Could you retype every line below exactly, omitting the images?

Recorded data:
◇ ◇ ◇
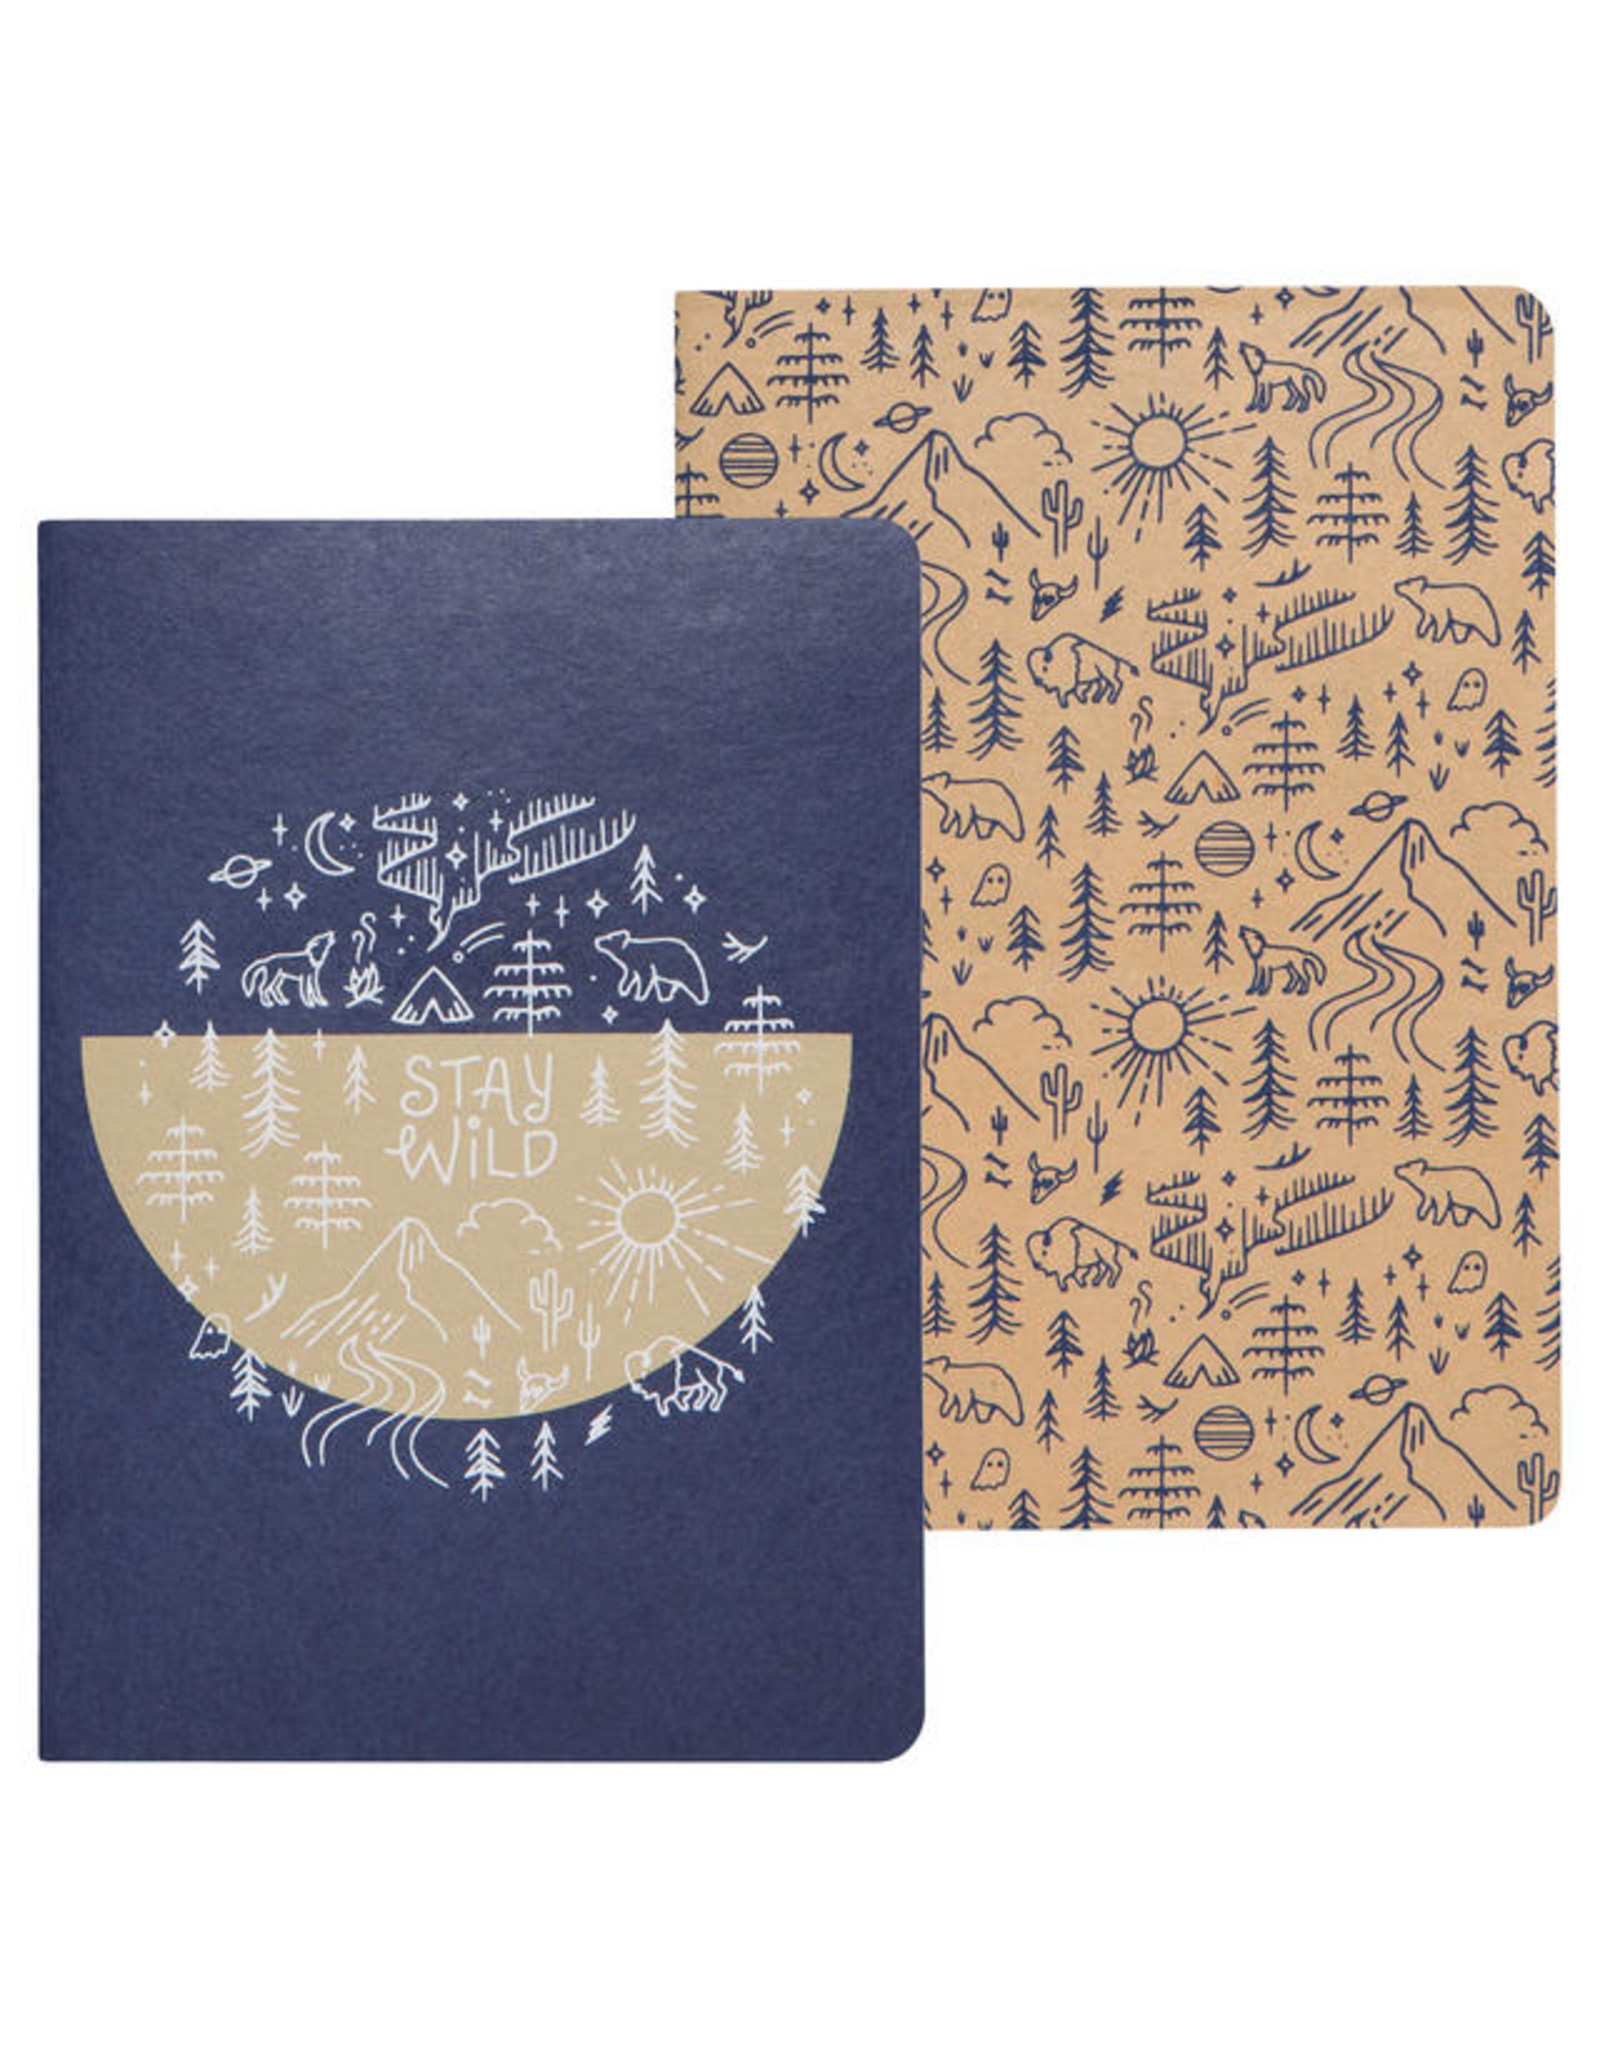 Stay Wild Notebook Set/2
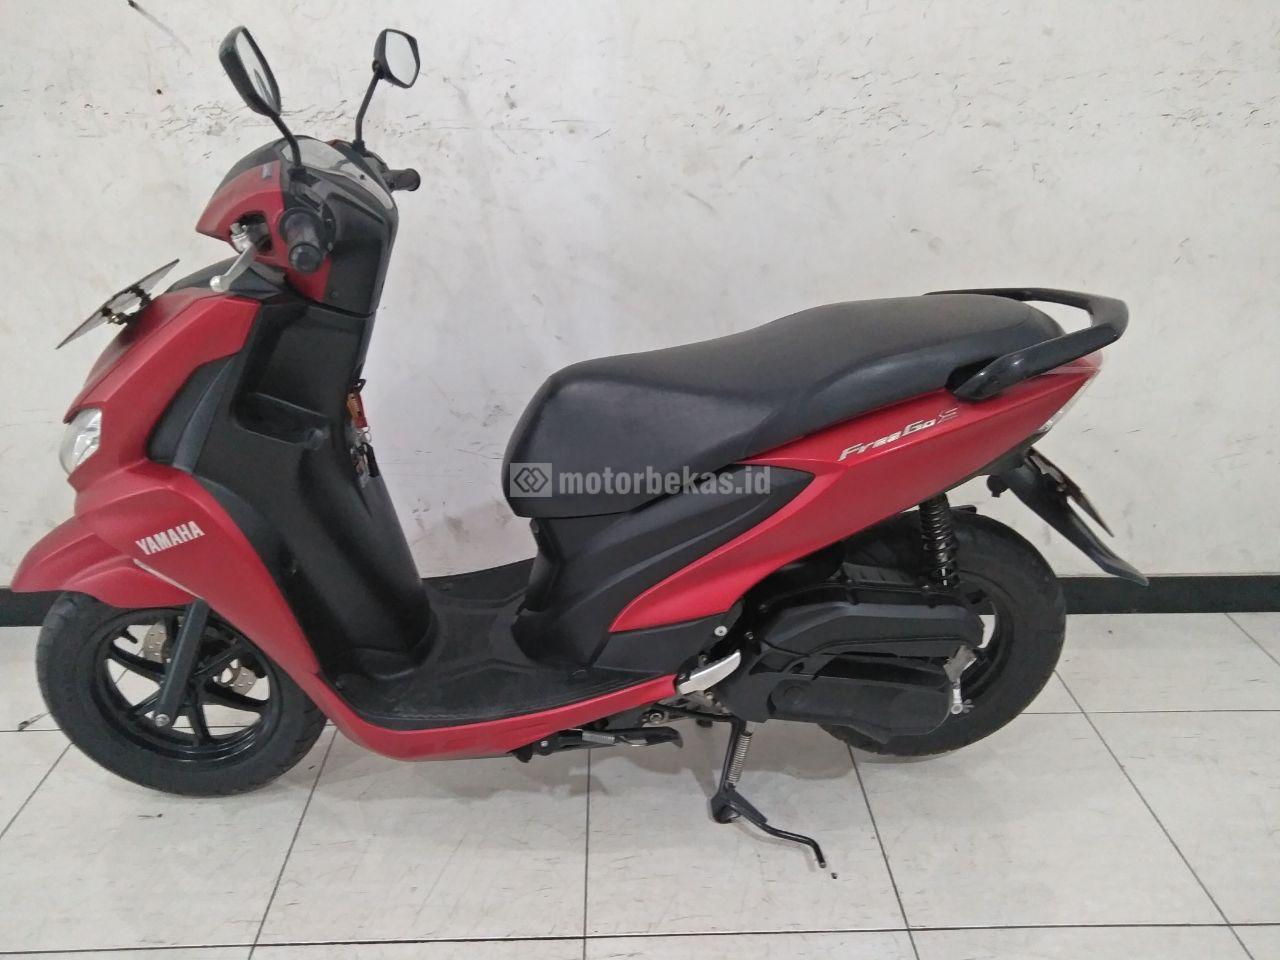 YAMAHA FREE GO S  4305 motorbekas.id
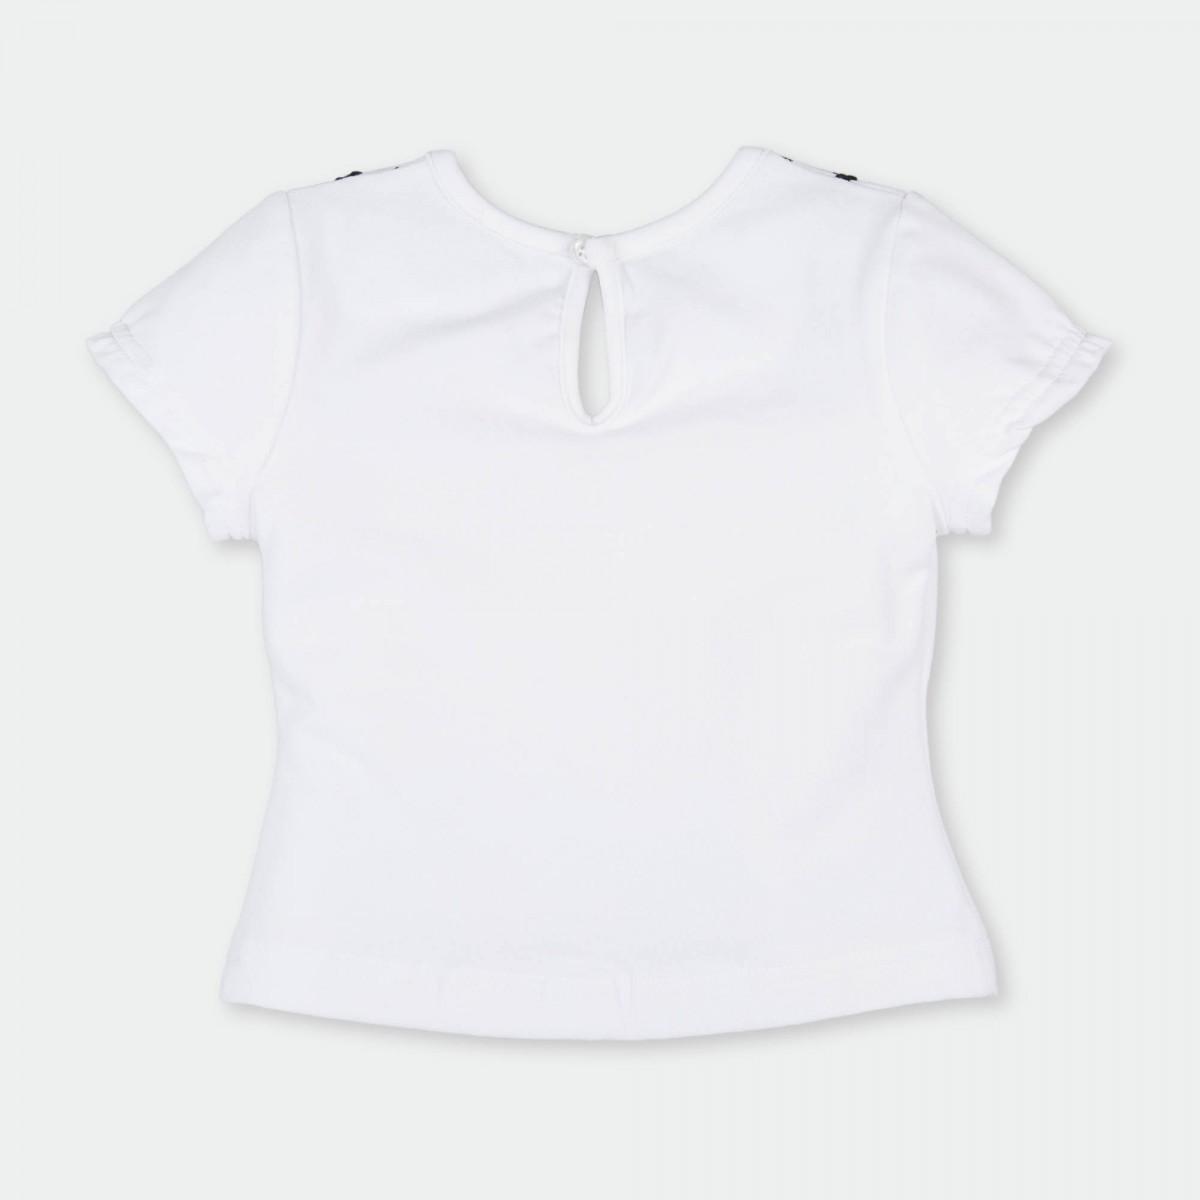 Camiseta_2743S17
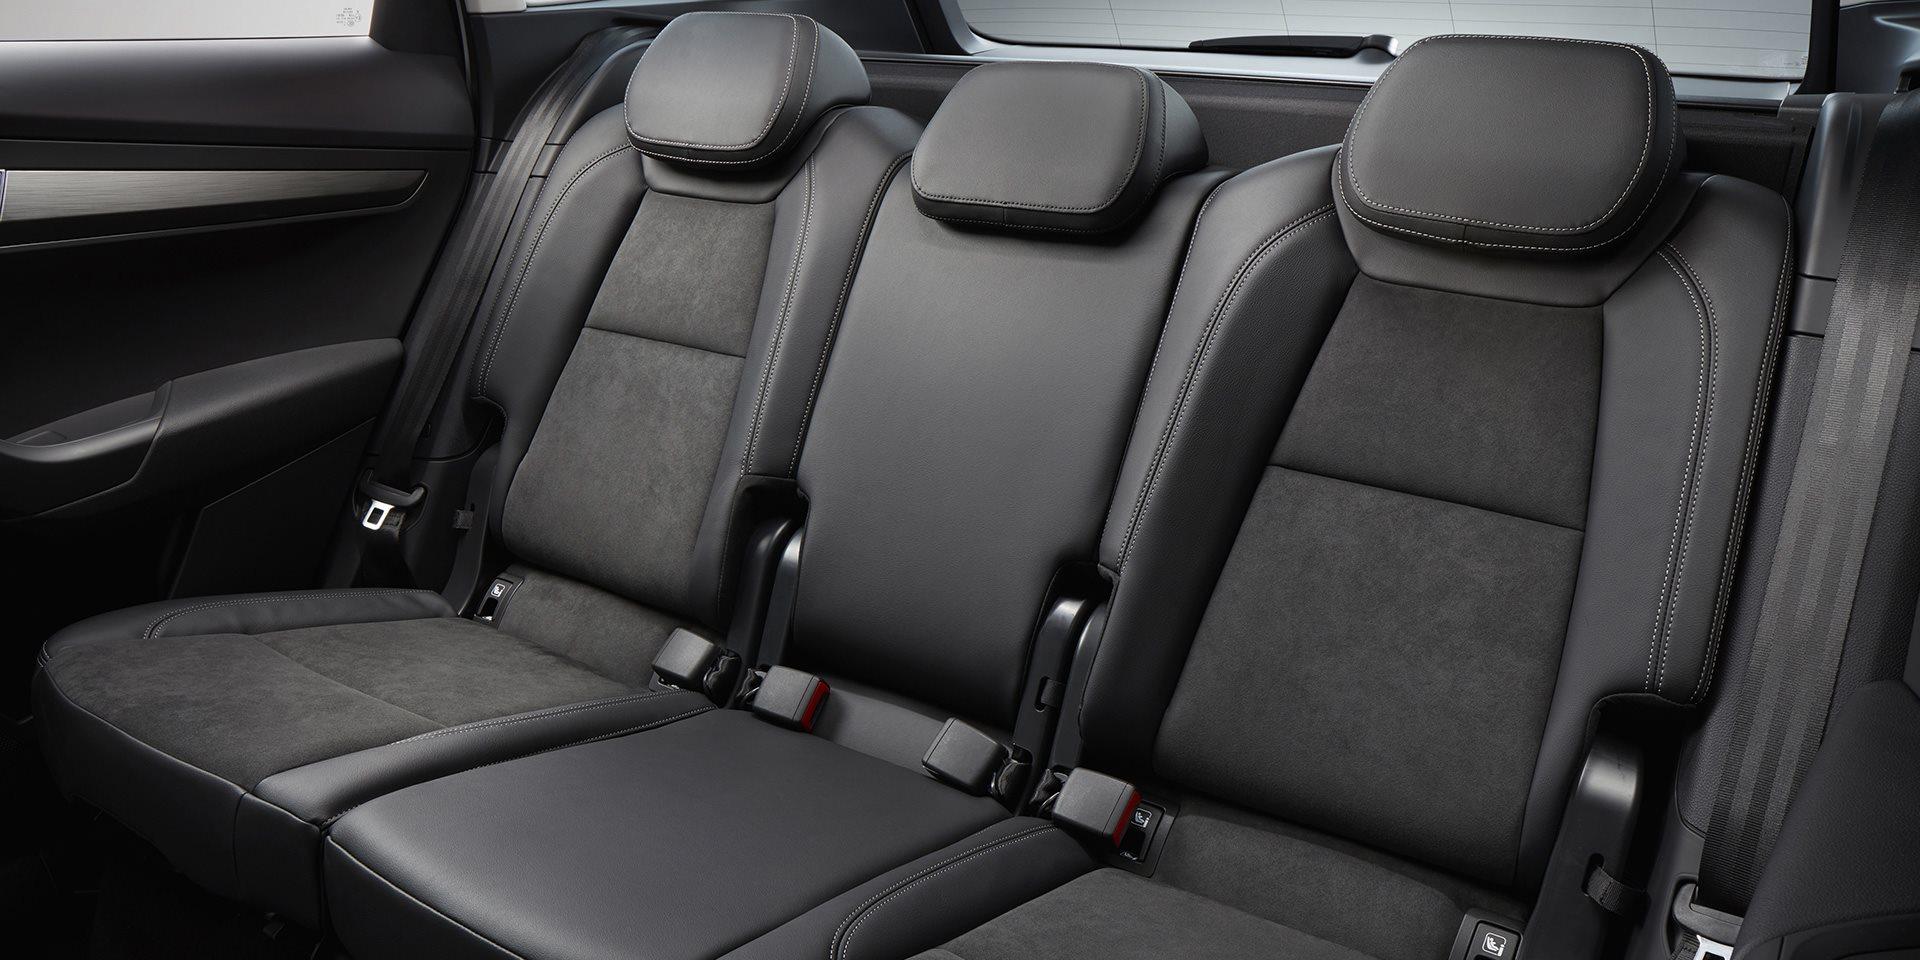 skoda-karoq-m68-interior-03.3dac9197e078243173361cc58bedbc21.fill-1920x960
◇ ◇ ◇
Answer section:
 Stay Wild Notebook Set/2
 YAMAHA FREE GO S  4305 motorbekas.id
 Camiseta_2743S17
 skoda-karoq-m68-interior-03.3dac9197e078243173361cc58bedbc21.fill-1920x960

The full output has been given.